Сборы превысили все ожидания. Пьеса вызволила супругов Гюго из нужды. В ящике Адели скопилось немало тысячефранковых билетов, которые до сих пор редко появлялись в доме. Триумфатор Гюго уже привыкал к поклонению. «Из-за дурного отзыва в статье он приходит в бешенство, – сказал Тюркети. – Себя он как будто считает облеченным высокими полномочиями. Представьте, он так разъярился из-за нескольких неприятных для него слов в статье, напечатанной в „Ла Котидьен“, что грозился избить критика палкой. Сент-Бёв разразился проклятьями, потрясая каким-то ключом…»

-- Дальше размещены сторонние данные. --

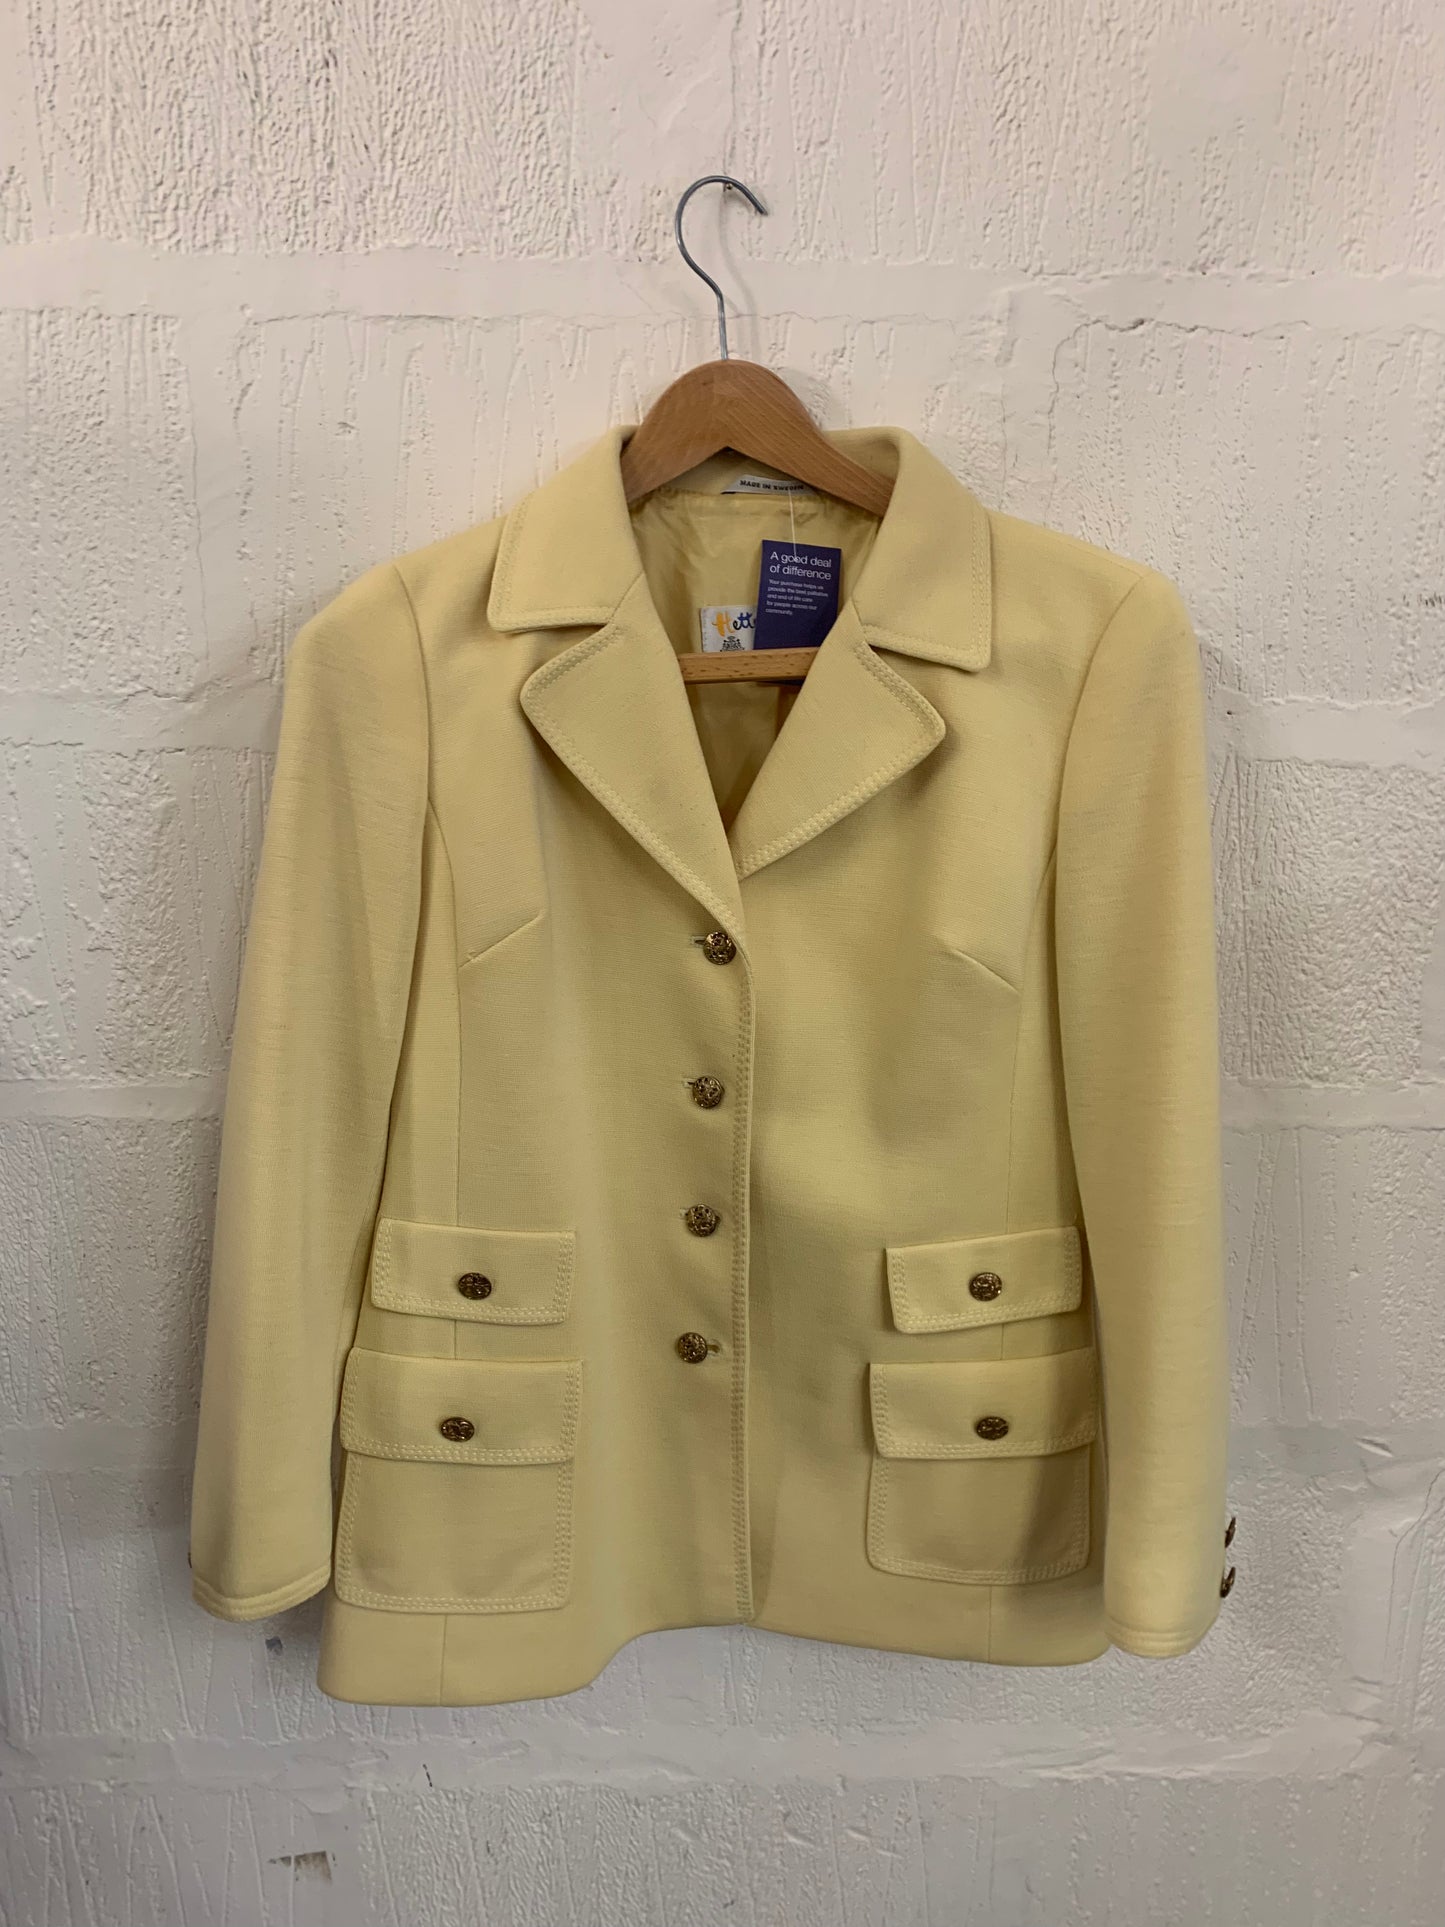 Vintage 1960s Style Hettemarks Pale Yellow Wool Jacket Size 12
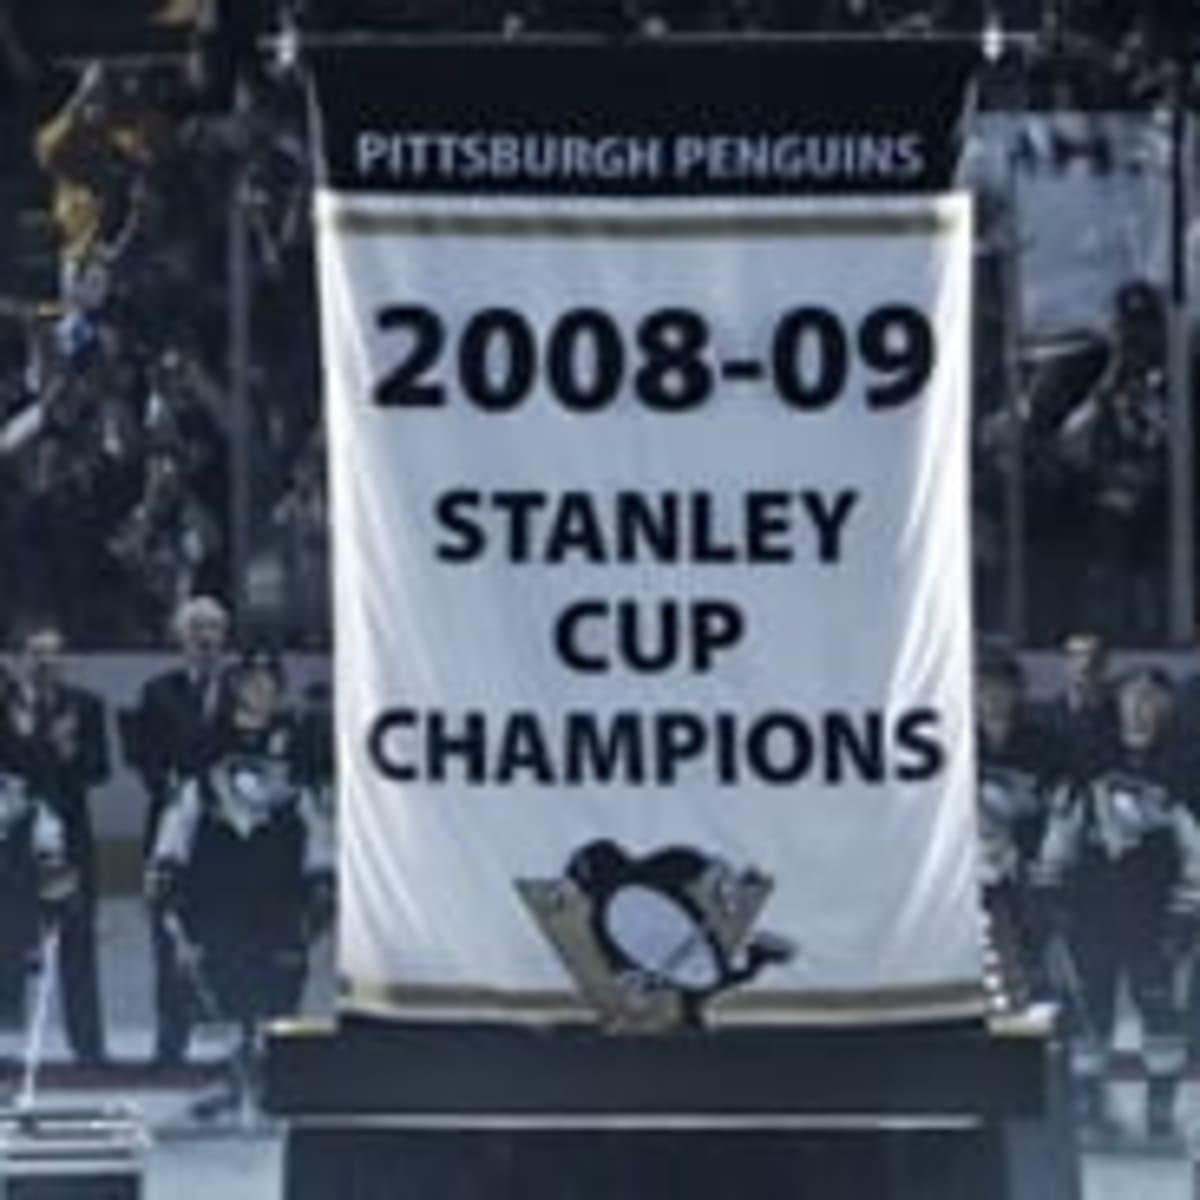 NHL Shop - The St. Louis Blues raised their Stanley Cup banner

Сент-Бёв – Адольфу де Сен-Вальри, 8 марта 1830 года

Дорогой Сен-Вальри, нынче вечером уже седьмое представление «Эрнани», и дело становится ясным, раньше тут ясности не было. Три первых представления при поддержке друзей и публики прошли очень хорошо; четвертое представление было бурным, хотя победа осталась за храбрецами; пятое – полухорошо-полуплохо; интриганы вели себя сдержанно, публика была равнодушна, немного насмешничала, но под конец ее захватило. Сборы превосходные, и при маленькой поддержке друзей опасный путь будет благополучно пройден, – вот вам бюллетень. Среди всех этих треволнений Виктор спокоен, устремляет взор в будущее, ищет в настоящем хоть один свободный день, чтобы написать другую драму, – истинный Цезарь или Наполеон, nil actum reputans[63]63
  Не раскаивающийся ни в чем содеянном (лат.).


[Закрыть]
, и так далее. Завтра пьеса будет напечатана; Виктор заключил выгодный договор с книгоиздателем – пятнадцать тысяч франков; три издания по две тысячи экземпляров каждое, и на определенный срок. Мы все изнемогаем, на каждое новое сражение свежих войск не найти, а ведь нужно все время давать бой, как в кампании 1814 года…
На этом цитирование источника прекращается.